The Story
Why it exists.
The beginning
Yoyogi Park sits in the heart of Tokyo, a green rectangle surrounded by the city's constant hum. It's the kind of place people run through at 6am, before the vending machines start clicking and the trains start carrying their weight. Comme des Garcons chose it as a named inspiration because it represents something specific: a pocket of calm inside something relentlessly active. The fragrance captures that exact feeling, not escape from the city, but the city's permission to breathe.

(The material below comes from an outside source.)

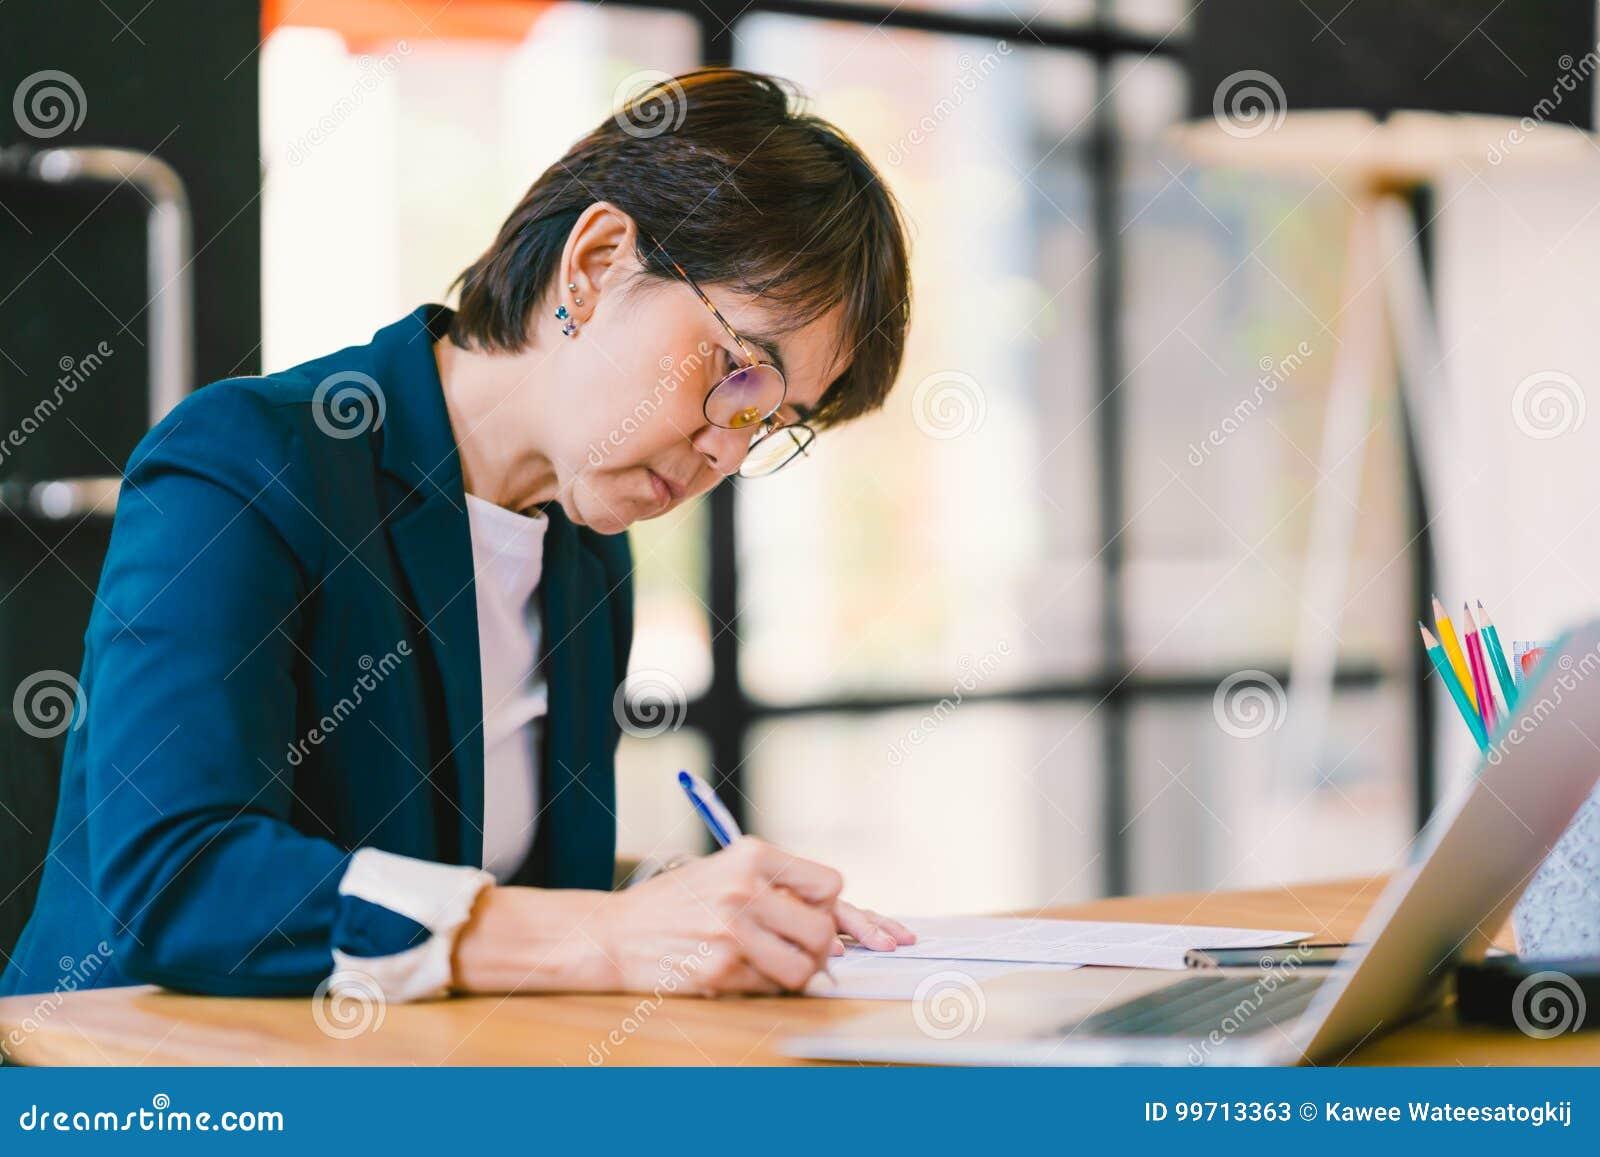 Middenleeftijds Aziatische vrouw die aan administratie in modern bureau, met laptop computer werken Bedrijfseigenaar of onderneme

The four-note structure is deceptively minimal. Cypress brings a meditative, almost resinous evergreen quality that feels distinctly Japanese, contemplative rather than fresh-cut bathroom. Wormwood adds a bitter, medicinal edge that prevents chamomile from going tea-soft. The grass note isn't the sharp mown-lawn cliché; it's the green, slightly damp smell of a park at dawn, when the dew is still on the blades and the city hasn't warmed up enough to push its heat into the air. These four materials don't compete. They overlap.
The evolution
The opening announces cypress first, that clean, sharp evergreen cut that reads as morning air in a bottle. Within minutes, the grass note threads through, wet and green, the dew-on-blades moment. The heart phase shifts toward the herbal: wormwood's bitter-resinous quality emerges alongside chamomile's softer, sweeter herb. Not a dramatic transition, more like the sun climbing higher, the park warming up, the empty space filling in. The drydown strips back to a quiet woodiness. Cypress bark. Dried stems. The ghost of morning dew. It doesn't project. It stays close, intimate, a meditative quiet that lasts through a full workday without announcing itself.
Cultural impact
Part of the CDG Monocle collaboration series, Yoyogi sits in a specific corner of niche perfumery: green, minimal, Japanese in sensibility but not in ingredient tourism. It doesn't try to smell like Tokyo, it tries to smell like a specific feeling inside Tokyo. The response has been quietly enthusiastic, with wearers consistently describing it as the fragrance for people who want to smell like they've been outside, not like they've applied something.